Answer. Classification, prediction, \(n = 20\), \(p = 13\).

  1. We are interested in predicting the % change in the USD/Euro exchange rate in relation to the weekly changes in the world stock markets. Hence we collect weekly data for all of 2012. For each week we record the % change in the USD/Euro, the % change in the US market, the % change in the British market, and the % change in the German market.

Answer. Regression, prediction, \(n = 52\), \(p = 3\).

Exercise 2.3 We now revisit the bias-variance decomposition.

  1. Provide a sketch of a typical (squared) bias, variance, training error, test error, and Bayes (or irreducible) error curves, on a single plot, as we go from less flexible statistical learning methods towards more flexible approaches. The \(x\)-axis should represent the amount of flexibility in the method, and the \(y\)-axis should represent the values for each curve. There should be five curves. Make sure to label each one.

Answer.

  1. Explain why each of the five curves has the shape displayed in part (a).
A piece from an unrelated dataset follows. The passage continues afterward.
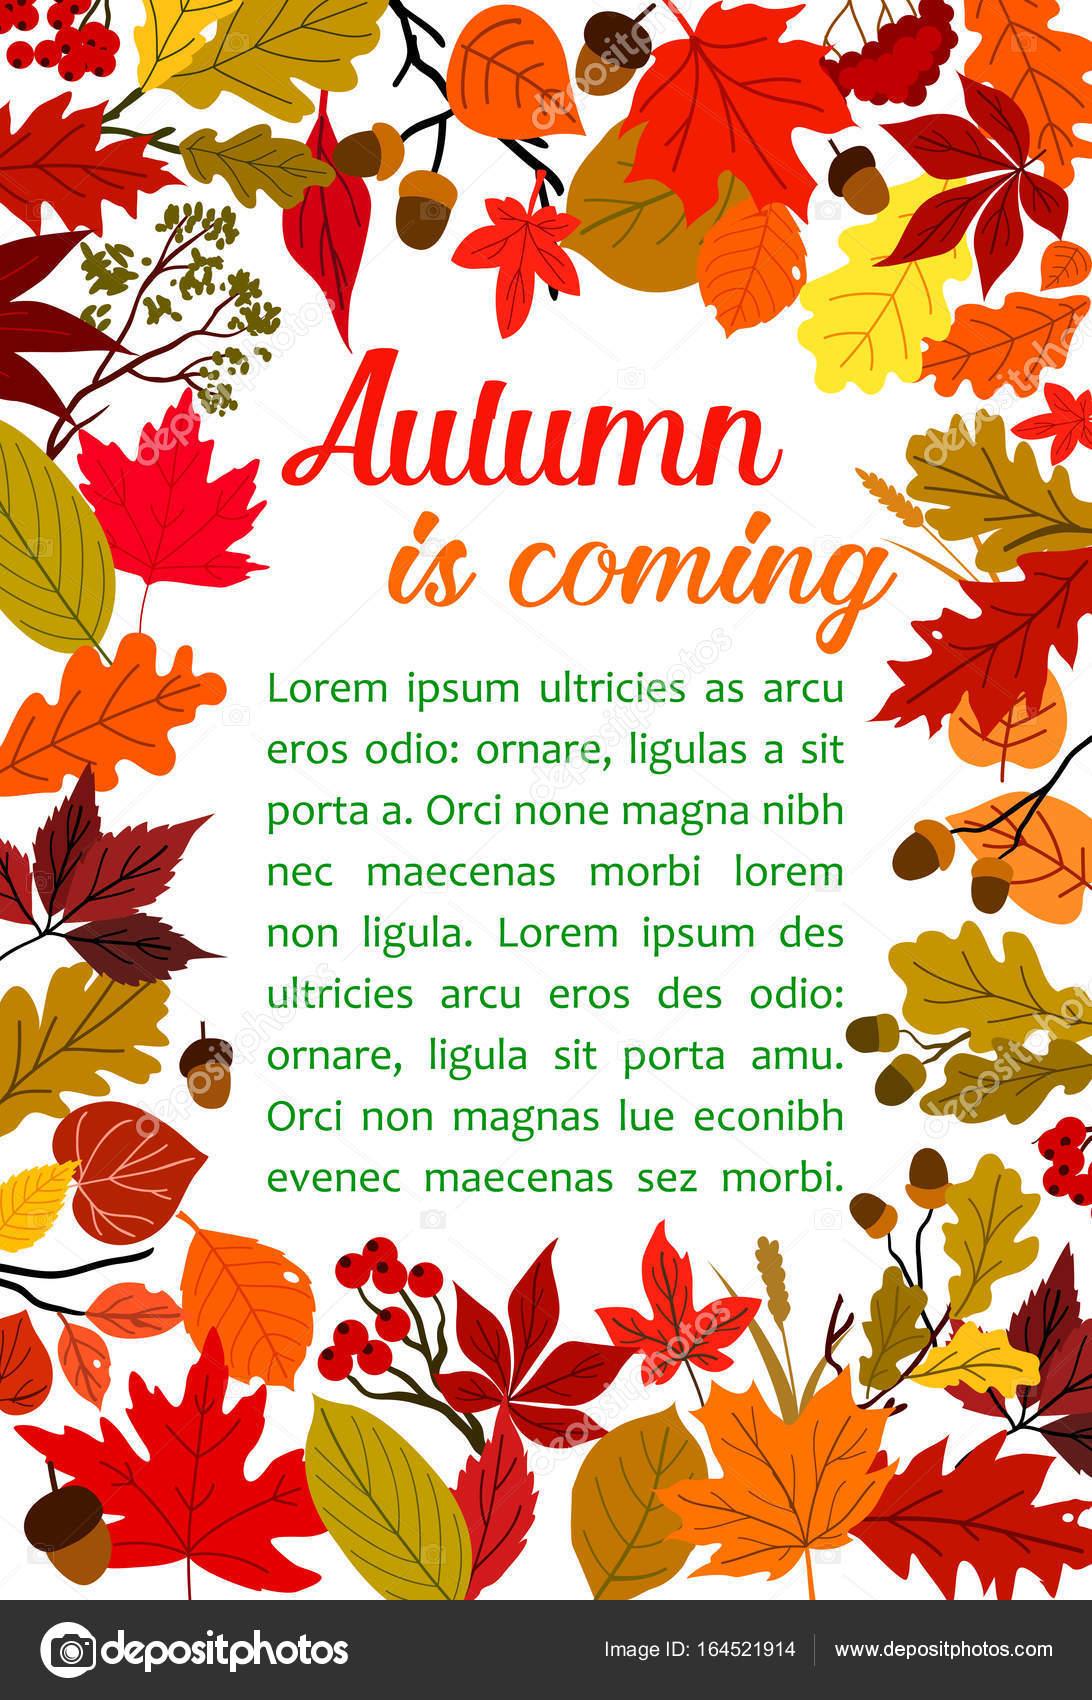 Herbst Blatt Poster mit Herbst Natur Rahmen — Stockvektor ...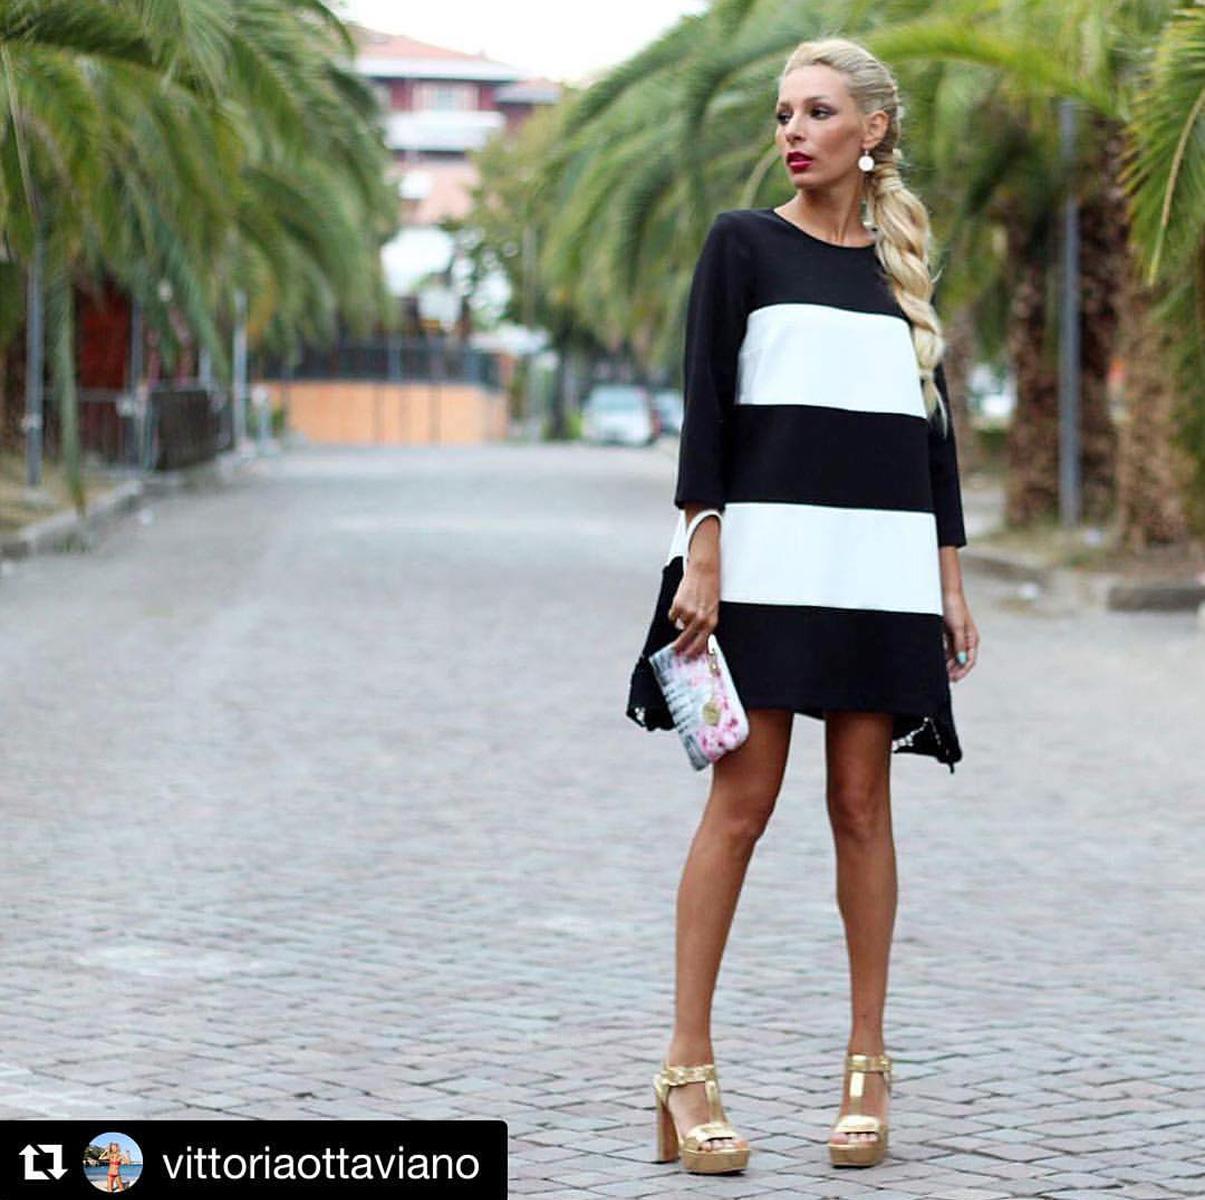 Vittoria Ottaviano wears Princesse Metropolitaine

Answer. The value of each measure in part (a) changes at different rates and in different directions as we go from less flexible statistical learning methods towards more flexible approaches. Broadly, this is why each curve has a different shape. Specifically:

  • Bias refers to the error that is introduced by approximating a real-life problem with a much simpler model. In general, bias will decrease as models become more flexible, because more flexibility will lead to better approximations of a real-life problem, reducing error.
  • Variance refers to the amount by which \(\hat f\) would change if we estimated it using a different training set. In general, variance will increase as models become more flexible, because a more flexible model will pick up patterns in the training data better which may differ between training sets.
  • Training error refers to the quality of fit of the model to the training data. In general, training error will steadily increase as models become more flexible, because more flexibility will allow the model to closely follow the training data.
  • Test error refers to the quality of fit of the trained model to the test data. In general, test error will be U-shaped because of the bias-variance trade-off.
  • Irreducible error refers to random error that is independent of \(X\). Because irreducible error is independent of \(X\), it remains stable regardless of model flexibility.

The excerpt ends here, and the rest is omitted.